I was fortunate that I had really good teachers for kindergarten and 1st grade. They had a good balance between not discouraging me and not leaving the rest of the class behind.
One quibble. Lots of people can’t learn to read using the phonics method. My wife learned to read by sight. My younger soon also. He doesn’t pick up information by ear. Why he can’t sing a lick. So he was in the 7th grade before he found a teacher who would LET him learn. He and my wife are good at “Wheel of Fortune”puzzles, because the whole word is in their heads.
Part of the problem is that putting every teacher on the same salary scale does not go according to the law of supply and demand. English teachers are not as hard to find as math and science teachers. Yet one of the cuts proposed here in Texas is to stop giving bonuses to math and science teachers.
A lot of the illiterate kids had a TV in the house but no books. The only reading matter was cereal boxes.
Crap. They have to want to learn to read to begin with.
“Hole language” is the biggest cause of the holes in people’s language skills.
You need to sit in on some classrooms, and it might change your mind. When teachers spend half or more of their time engaged in behavior control, there is a problem that originates someplace besides the schools.
“It is fast, easy, and practically free.”
Before public school in America, kids were mostly taught at home.
The literacy rate was way higher back then than it is today.
I never said it WAS a cake job. As I said, everyone has issues with parts of their job. I could not teach in a public school - I could, but I would probably be fired the first day. If I could teach with the same ability my teachers had, it’d be different. I probably could teach in private schools without much problem.
What I am saying is that teachers make a choice to go into teaching. If it’s really not tolerable, like any job, you need to leave and get a different job. I had plenty of friends at school who went into teaching because it was one of the easiest schools to get a degree in (they always were shocked at what I was taking in engineering).

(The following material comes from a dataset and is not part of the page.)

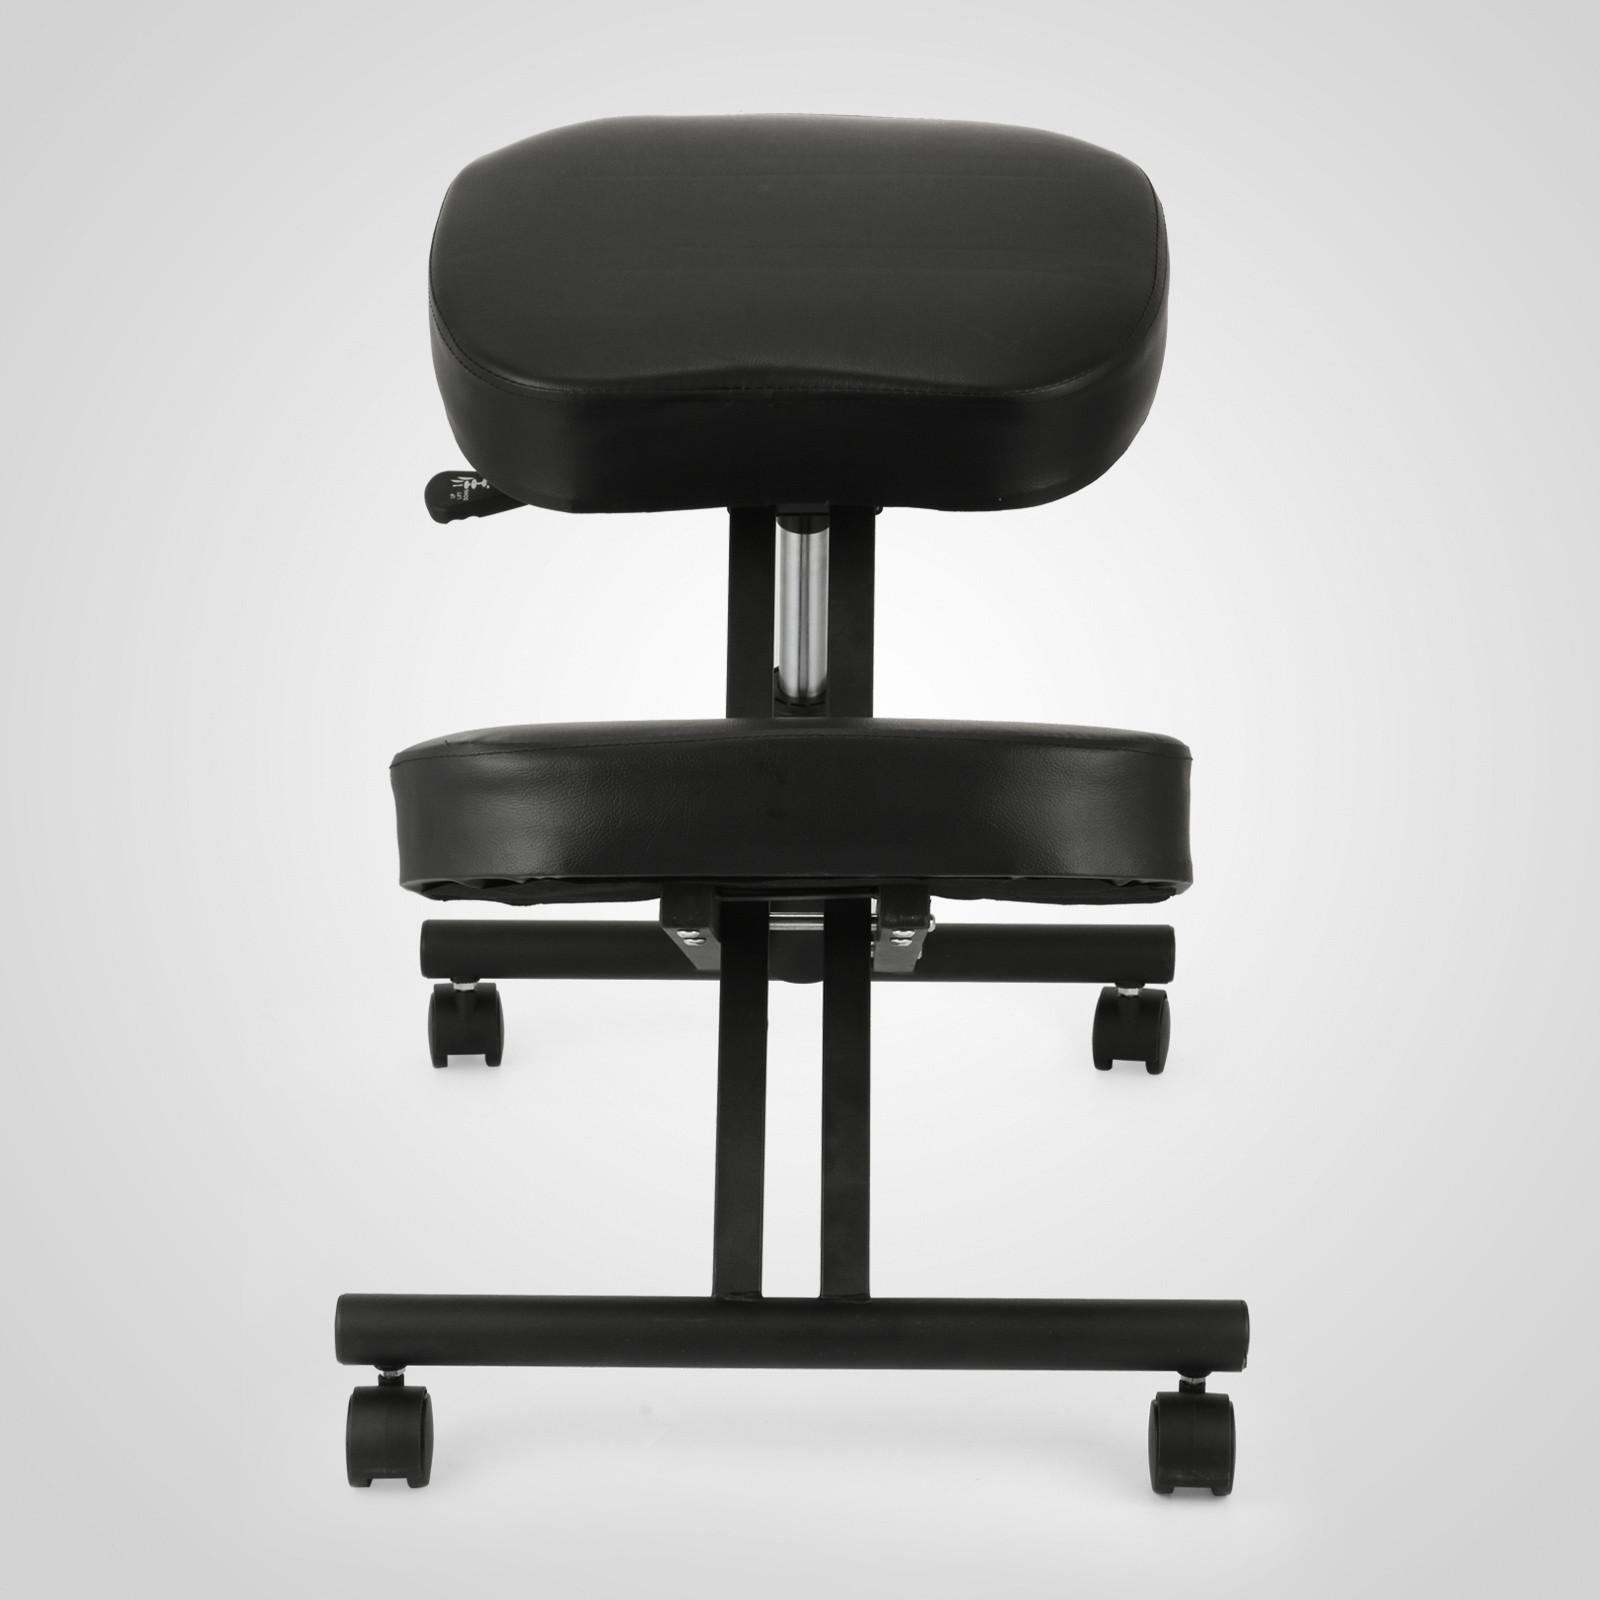 Ergonomic Kneeling Chair Bentwood Steel Frame Heavy Duty

My daughter teaches in a public elementary in a nice suburb here in Indiana.
42% of the students in her grade come from intact families.

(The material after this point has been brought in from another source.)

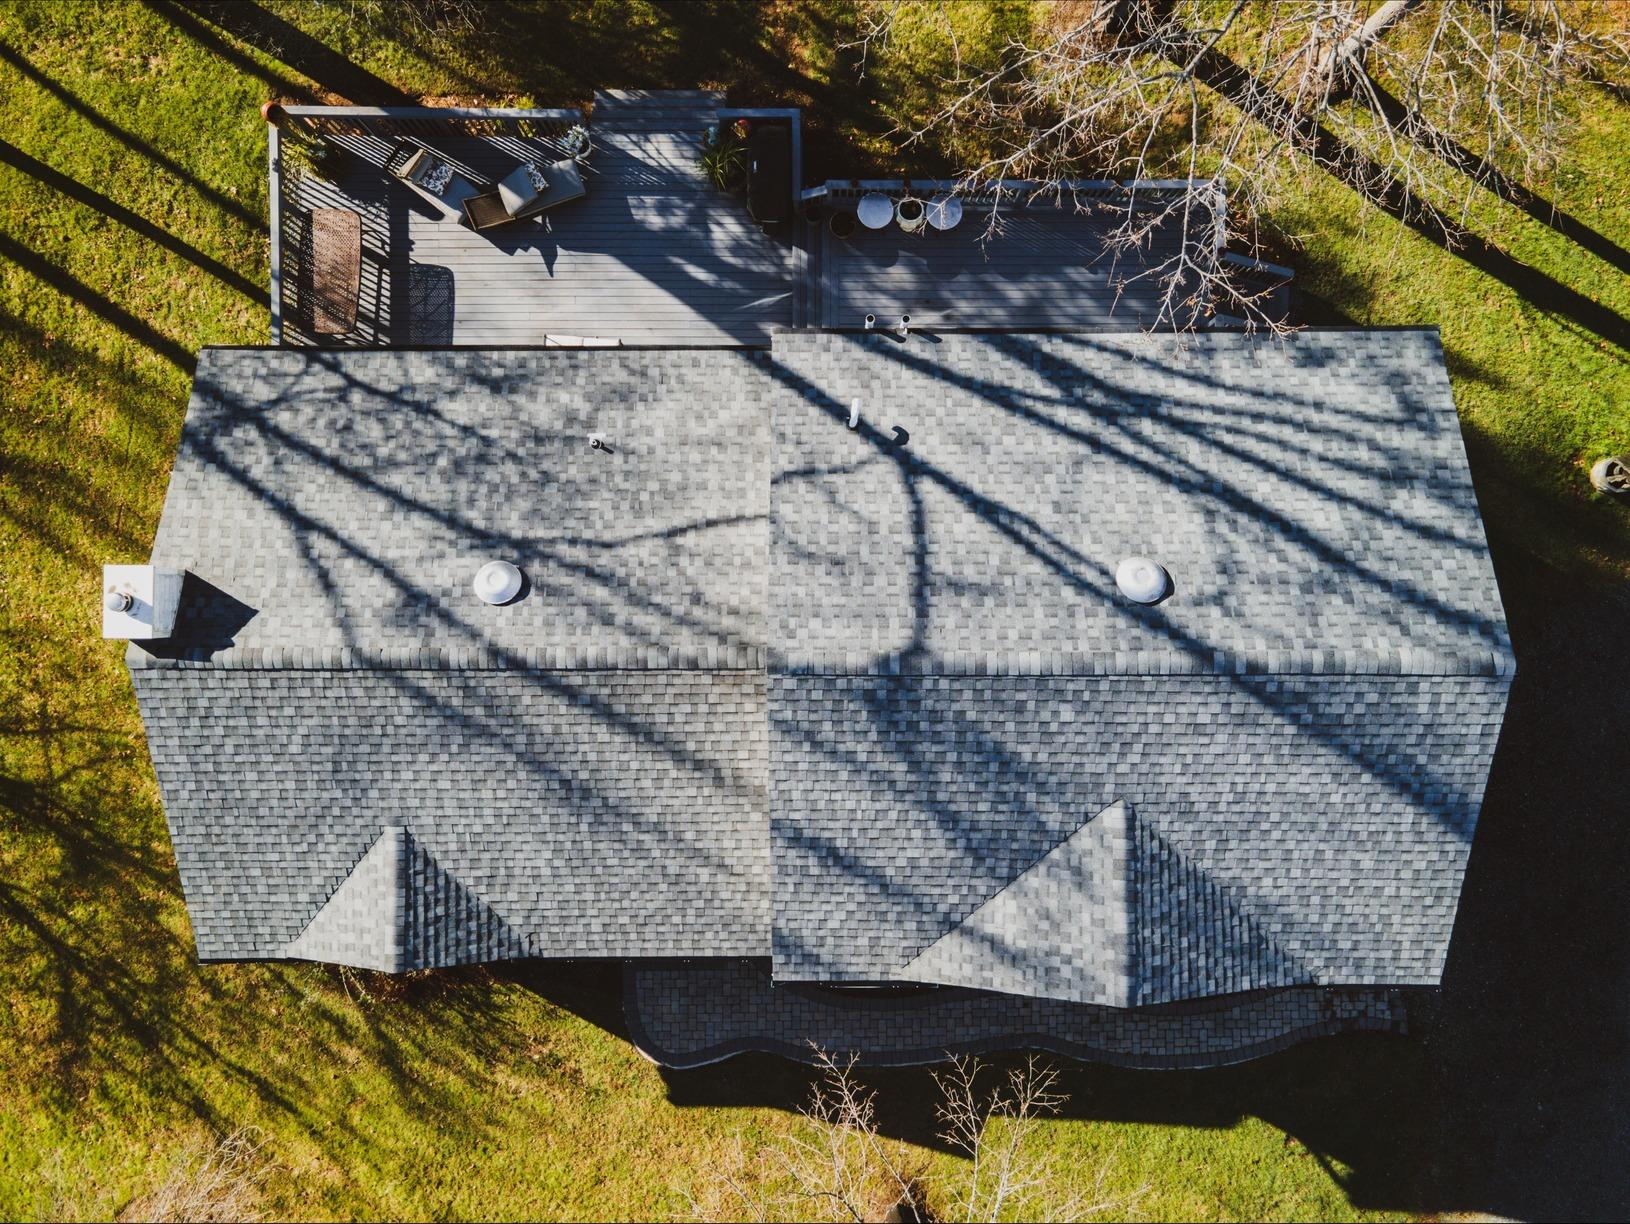 Roof Repair in Flemington, NJ - After Photo

(def: birth parents living together in the family home)
Remember this is one of the GOOD locales.
What % of kids in inner city schools even KNOW who both parents are?
The Great Society destroyed the black family structure.

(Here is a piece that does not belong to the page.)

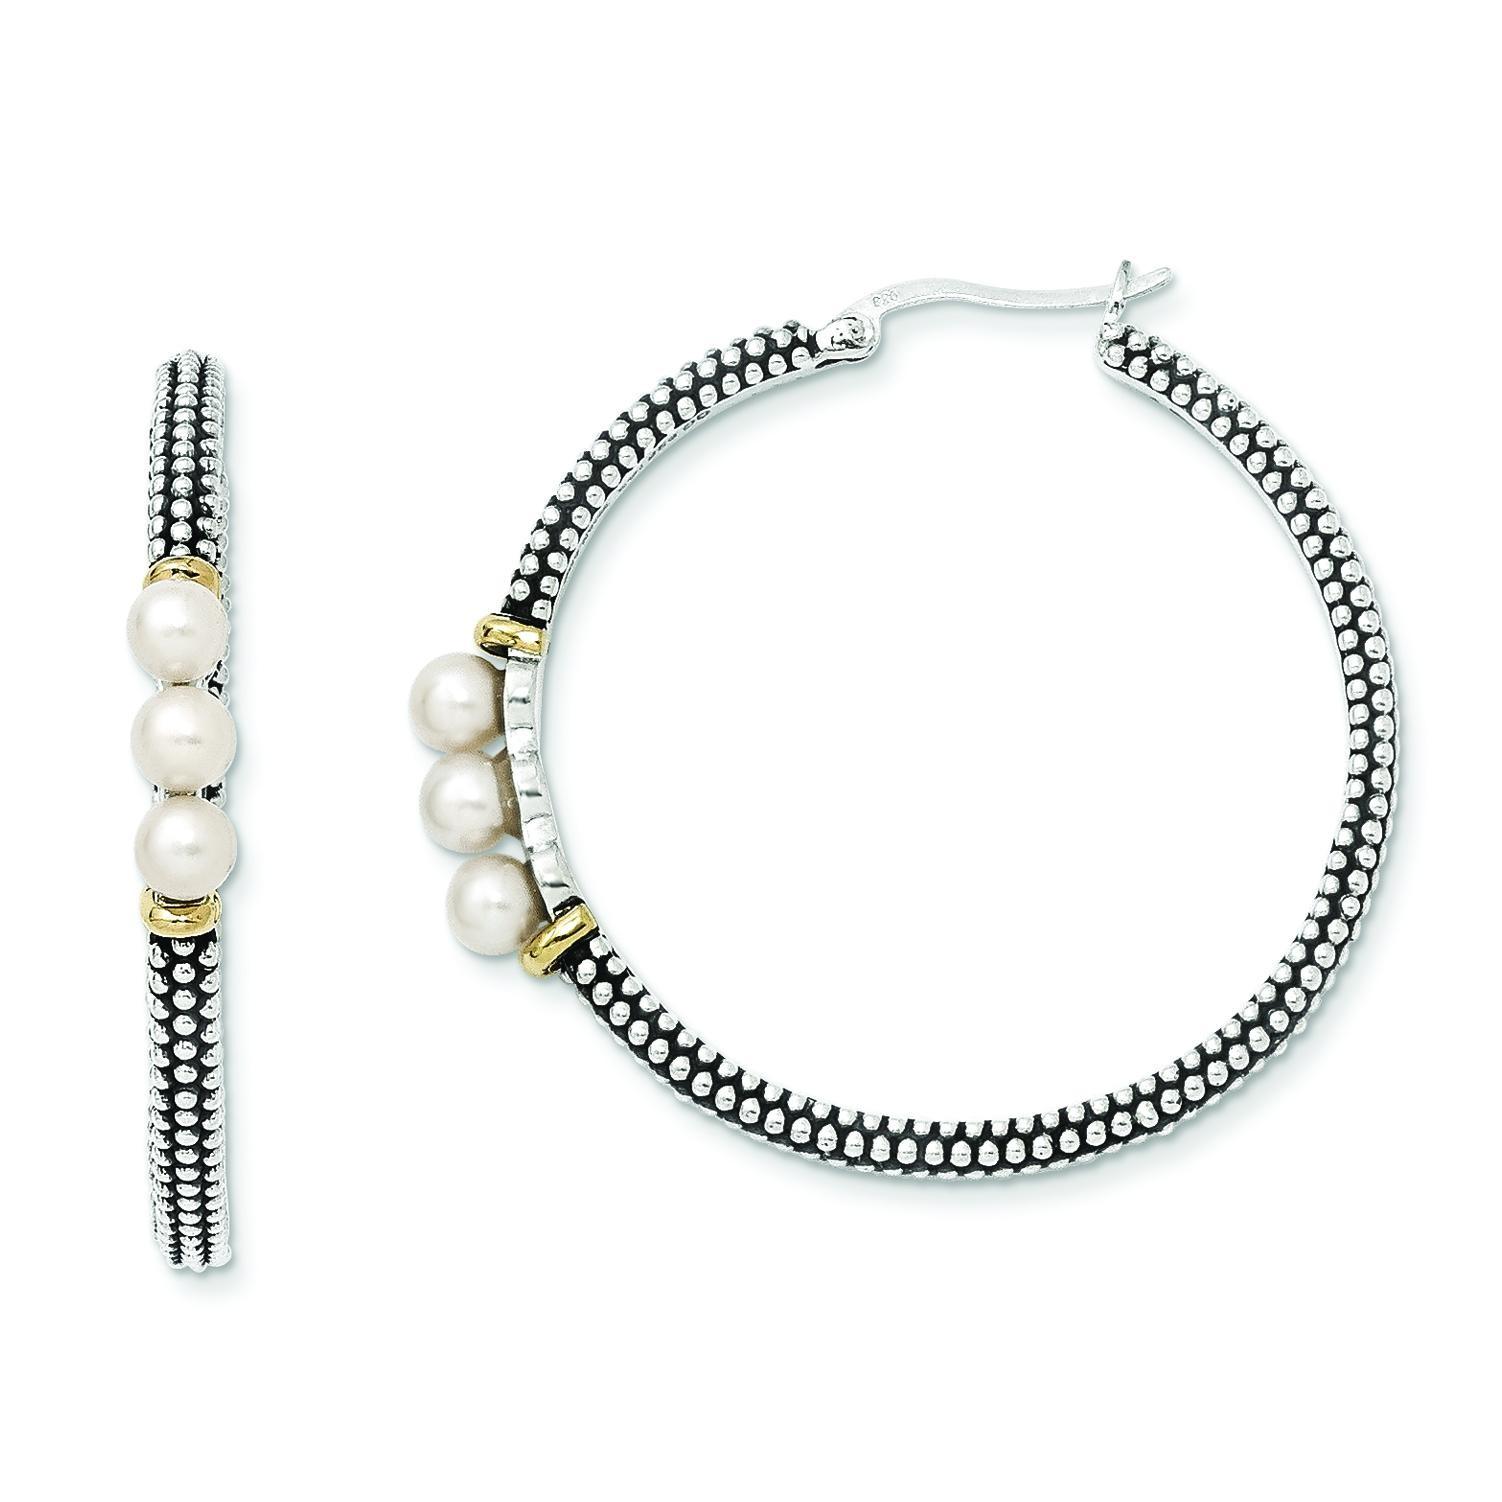 W Button Fresh Water Cultured Pearl Hoop Earrings in 14k Yellow Gold & Sterling Silver

It’s difficult to believe any education system can fix this.
I agree with everything you say. I actually think I would’ve bombed education courses in college because I would’ve found them tedious. Granted I would’ve bombed engineering too because my mind isn’t geared that way. I can’t think of a major that does a worse job at preparing someone for their career than education. Other than student teaching, there is nothing learned that helps with the actual job.
Oops, ...over her son’s inability...
Better?
That made mah haid hurt.
I took up drinkin' to ease the angst.
Now I'm consigned to a lifetime of dissolution and livin' under bridges.
See what you done?
“Crap. They have to want to learn to read to begin with. “
Sorry, that theory has been PROVEN WRONG time after time in the inner cities and elsewhere...in fact anywhere where the kids are taught right.
“You need to sit in on some classrooms, and it might change your mind. When teachers spend half or more of their time engaged in behavior control, there is a problem that originates someplace besides the schools.”
Do you REALLY expect kids to behave when they purposely are not being taught jack?
“If they really want to fight back, they need to leave the group, and join with those outside the cess pool. You take your life in your hands, trying to fight this from within. “
I agree...and most of the good ones do leave...which is why we have the beasts that are left. It’s a real bummer for the kids.
“Not all, but the overwhelming majority.”
Thanks, but the majority’s probably not as overwhelming as you think. And our conversation centers on semantics and weasel-words, many will say, but such phrasing is, so often, the difference between a racist and a cynical realist.
And my above, to Publius, is also to umgud in reply to his post 22, of course.
There have been teachers in my family going back for at least three generations. Sadly, my aunt was the last one of our clan to enter the field, and she was driven out in the early 70s.
Even that far back, the leftists were driving the good teachers out, with their "new and improved" methods and thuggishness. I don't know if a good teacher stands a chance in the public school systems today.